Ten Percent Distortion?


I have a little Panasonic SA-XR25 digital receiver for my TV rig (I can't really call it HT). Driving some good speakers it sounds great, and cost me all of $287. Tonight I was killing some time wandering around the Best Buy shop looking at similar electronics from Panasonic, and others, and I noticed that output power was quoted at 10 percent distortion! At first I thought this was a missprint, surely they meant 1 percent or even 0.1 percent. However several units, from several manufacturers, were described this way. Back home I quickly checked the SA-XR25 spec and was reassured to find a reasonable 0.3 percent stated.

What the heck is going on? Wouldn't 100 watts at 0.3 percent sell better than 140 watts at 10 percent?
eldartford
My personal favorite is the Marantz PM-17 integrated amp that is "only" 60 watts. At sixty watts,into 8 ohms,Marantz lists its total harmonic distortion at less than one one hundredth of one percentage point. Imagine what its watts rating would be at,say,one percent total harmonic distortion?
If it sounds good to you, what difference does it make what the specs say? Do you like it less now?

Seriously, you certainly know why they do it.
Simply to claim higher wattage.
You've been around long enough to know.
Twl....Maybe it's because I've been around so long that distortion is of interest to me. When I started out, harmonic and IM distortion in even the best amps were both over one percent. Technical improvements have made numbers on the order of a few tenths commonplace, and this is the big advance that I see in audio amps. Sure, distortion specs are not the whole story, but (IMHO) an amp that starts out with more than 1 percent distortion has two strikes against it.

Pragmatist...Most amps exhibit an abrupt increase in distortion at some power level (a "knee" in the curve), and you don't gain much more power by citing a higher distortion level.
The sales people at BestBuy seem to know what distortion is, as that seemed to be the only selling point this chump was using to get some poor guy to buy the most expensive Yamaha receiver they had. I tried to convince him that 140 wpc was way more than his 6ohm 91db Yamaha speakers needed to sound loud.
Personally, while you can find a decent sounding component as BestBuy once in a blue moon, the stuff they carry is the antithesis of what almost all of us here are searching for.
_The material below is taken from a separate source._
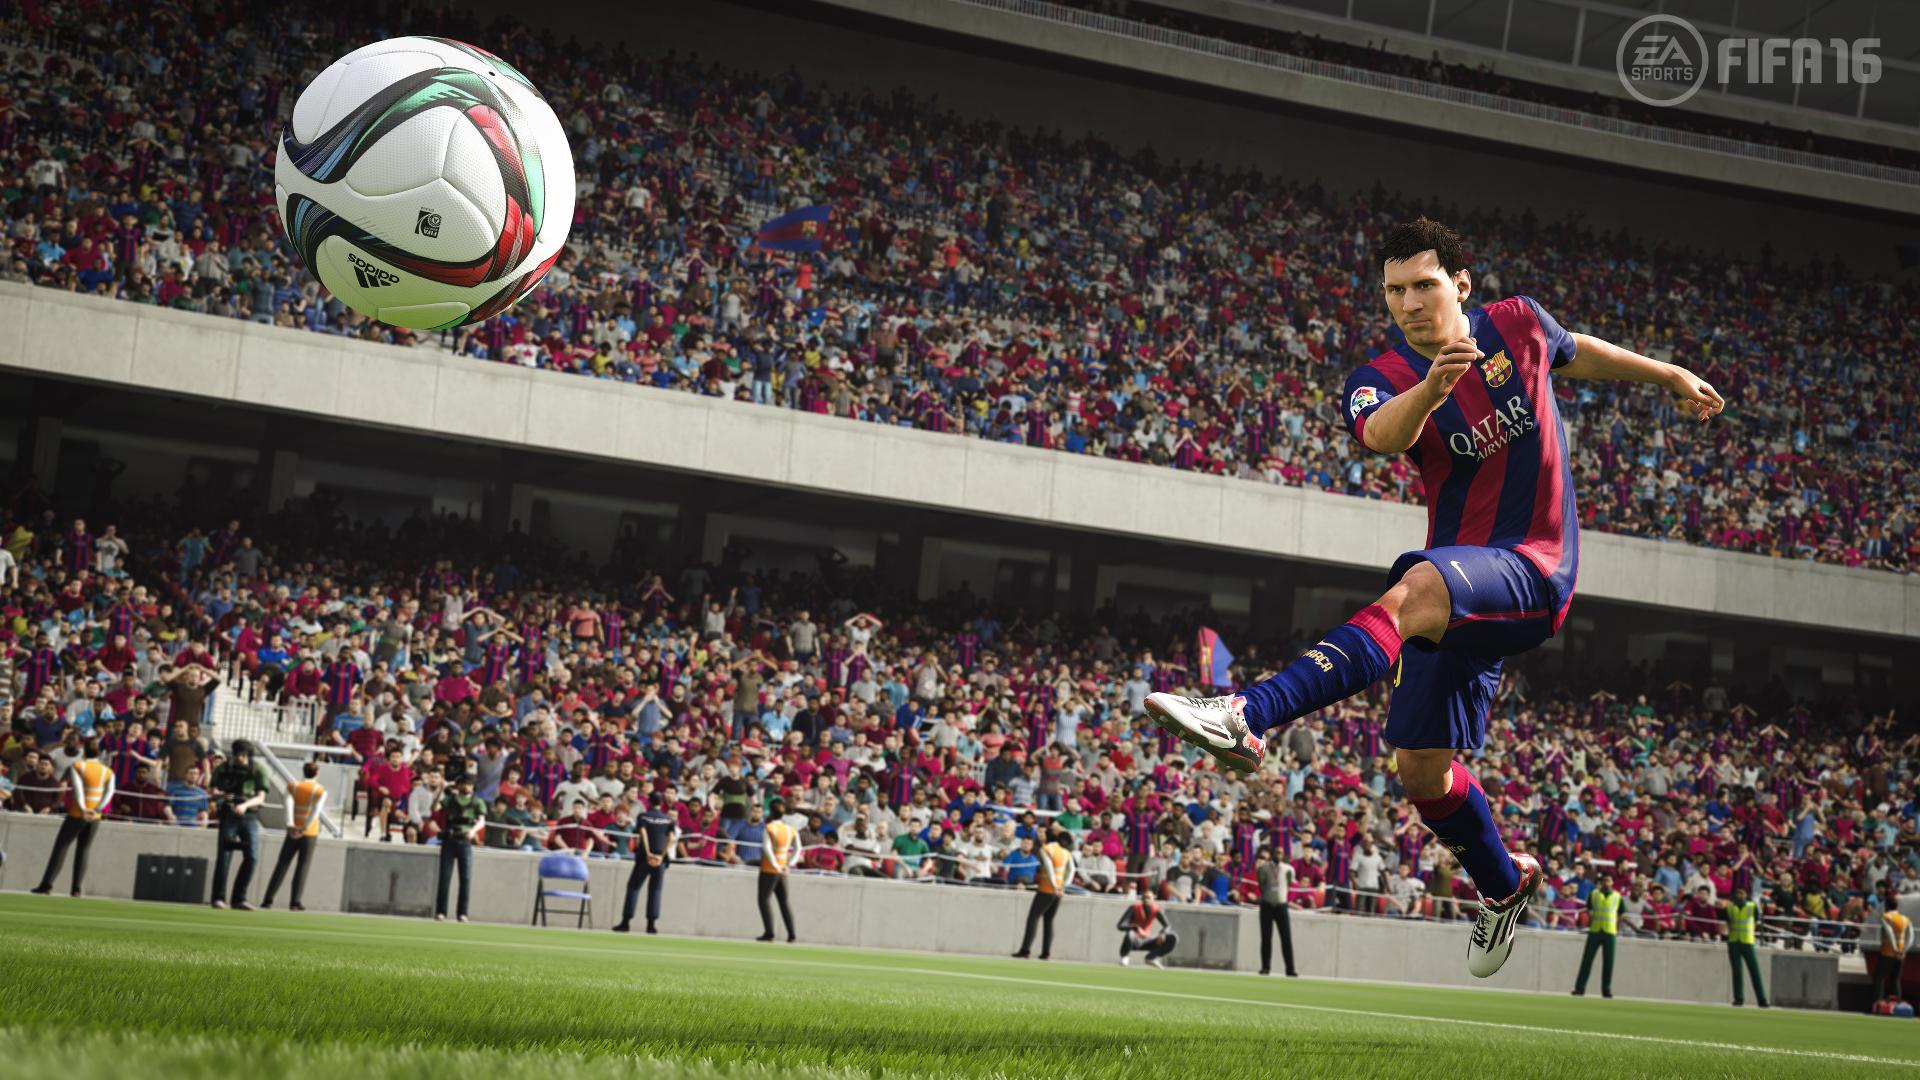 Fifa 16 - Messi - Screenshot Full HD - 1920x1080
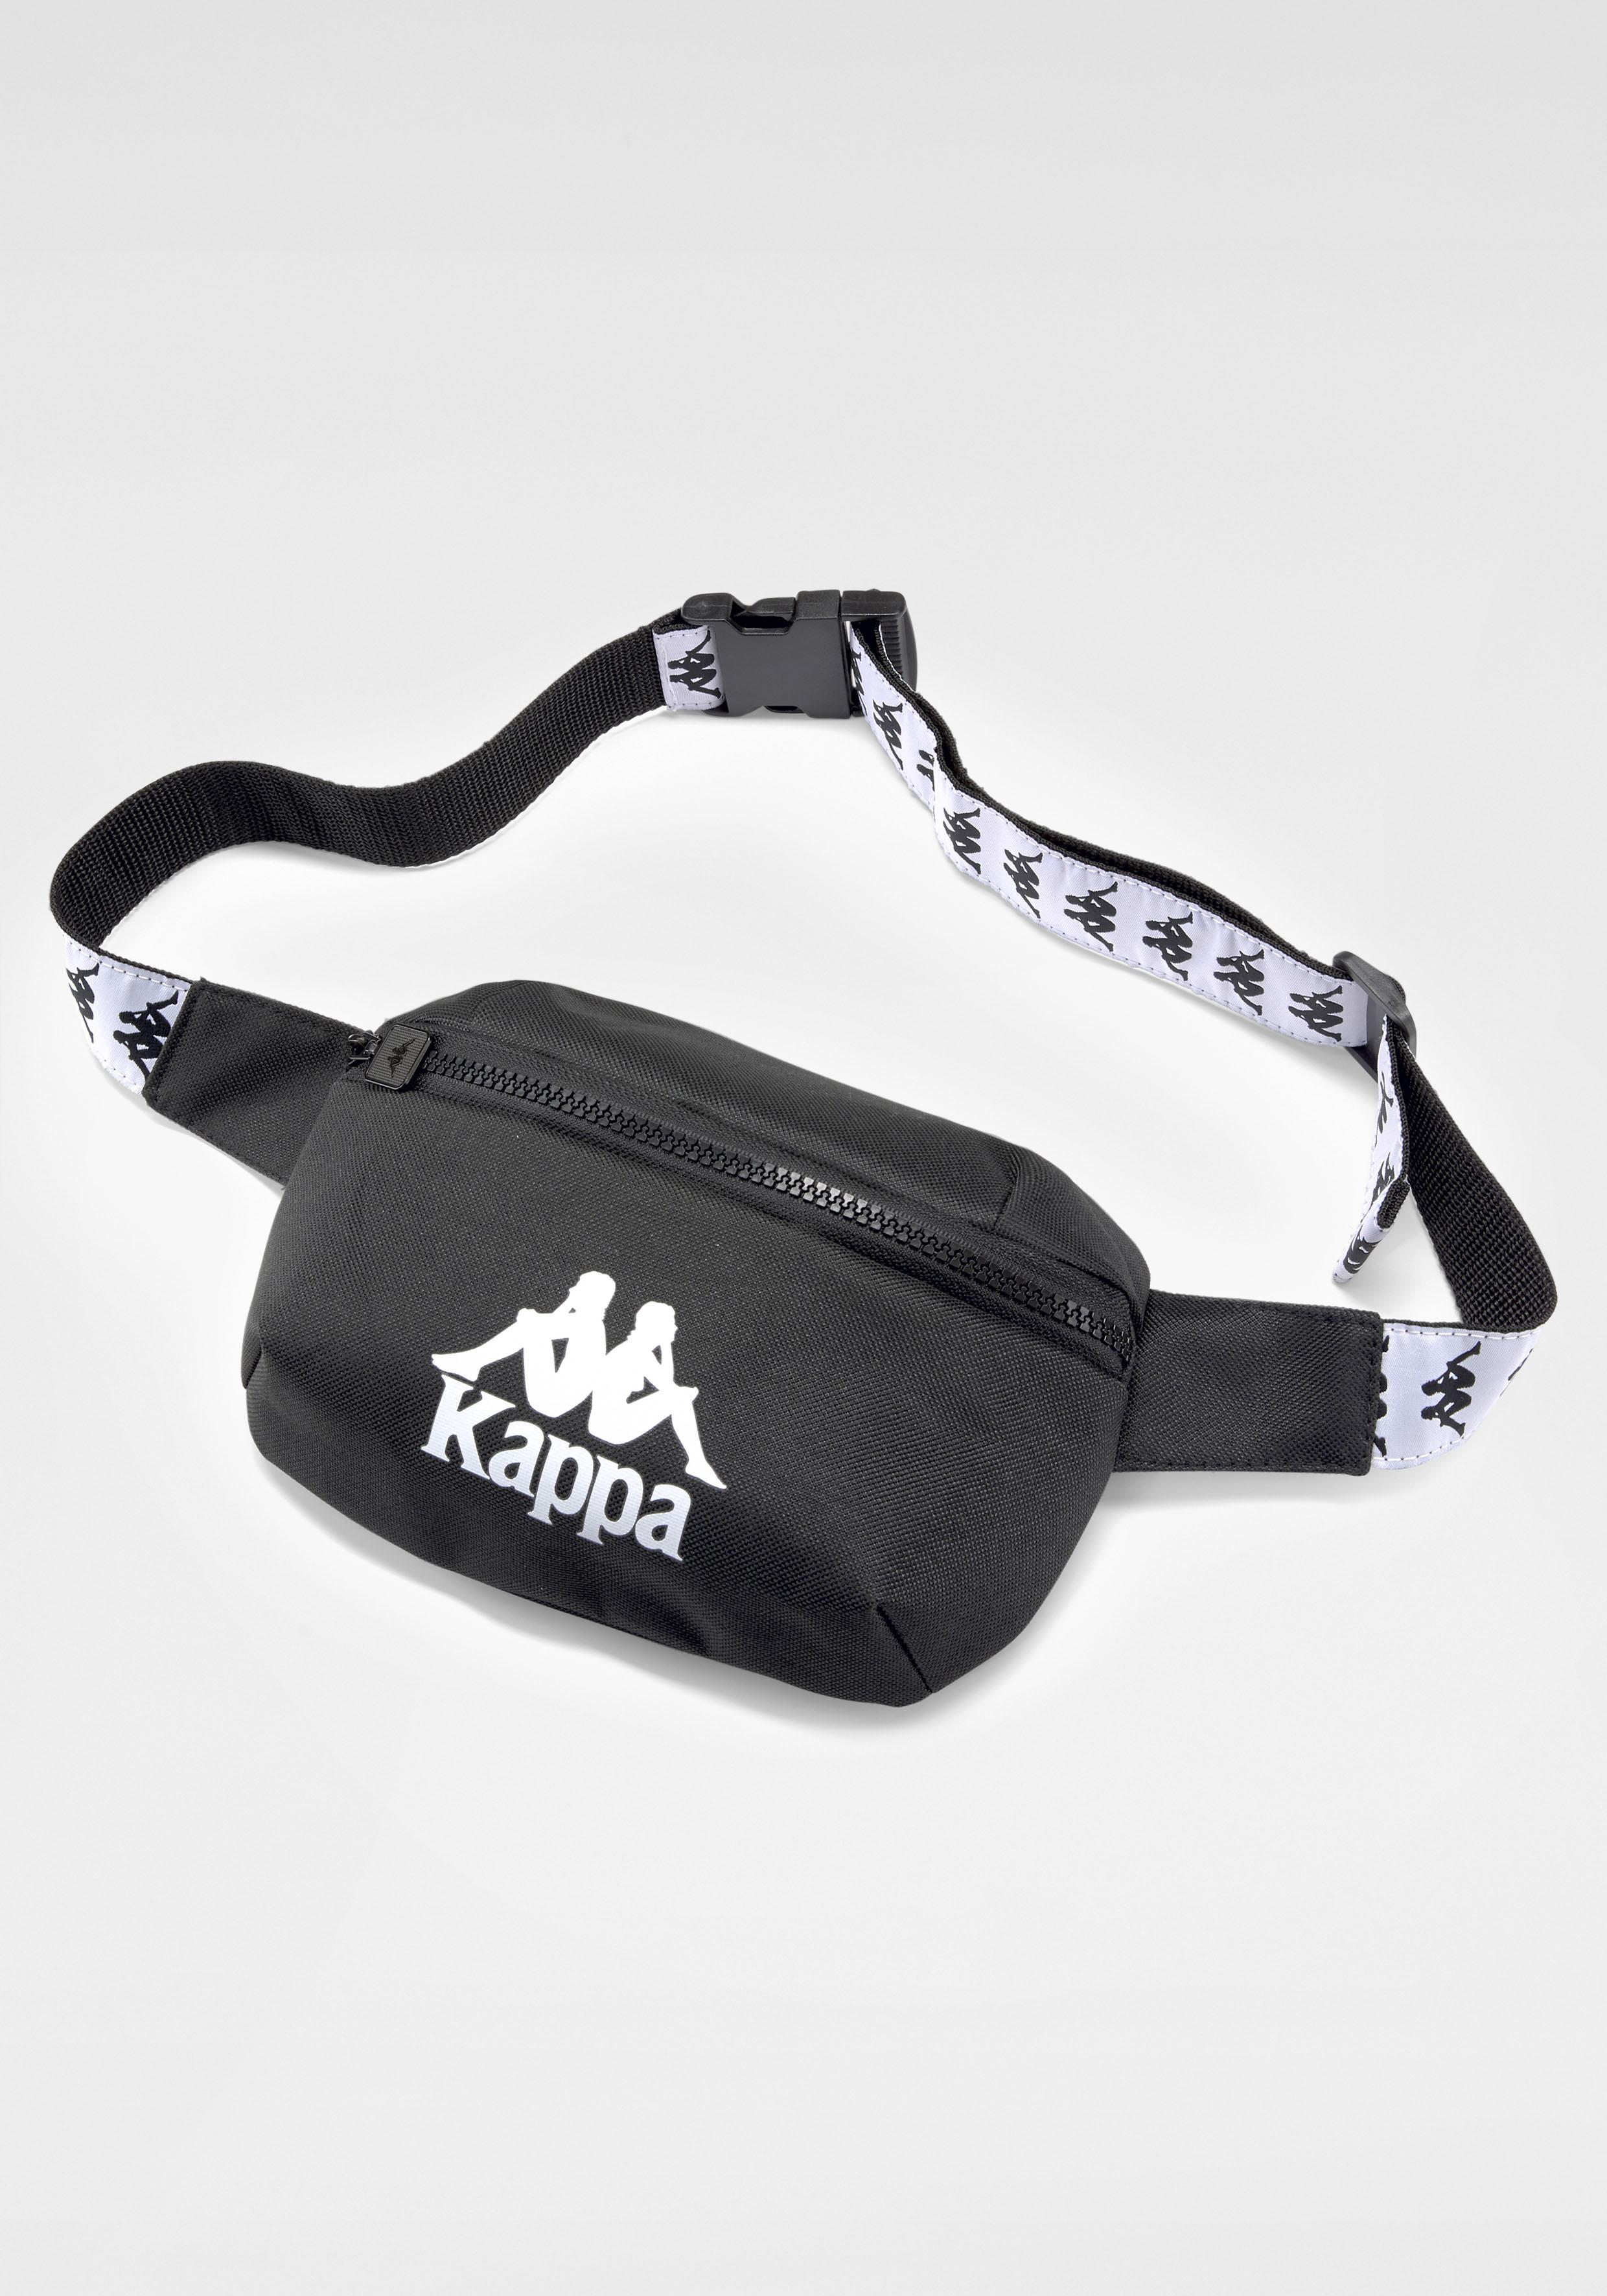 Kappa Gürteltasche Belt bag schwarz Taschen Unisex

Distortion, watts, whatever. I found out a long time ago, these specs mean little in the grand scheme of things. Show me a 250 wpc Panasonic, Sony, or what have you, and I will show you a 50 wpc high end amp that walks all over it when it comes to power. Remember, there are lies, damn lies, and then there are statistics. Power is speced through an 8 ohm RESISTIVE load, playing a 1 KHz sine wave. But, almost all speakers are reactive(not a flat load), and many are highly so. Further, we listen to MUSIC(not a flat signal), not test tones - at least, most of us do(I do see far too many audiophiles who care more about how their system measures than they do about music) .

So, what do these specs reaallly tell you???

But, yes, for the massfi buyer, I would think that 100 wpc at 0.3% sounds better than 140 wpc at 10%.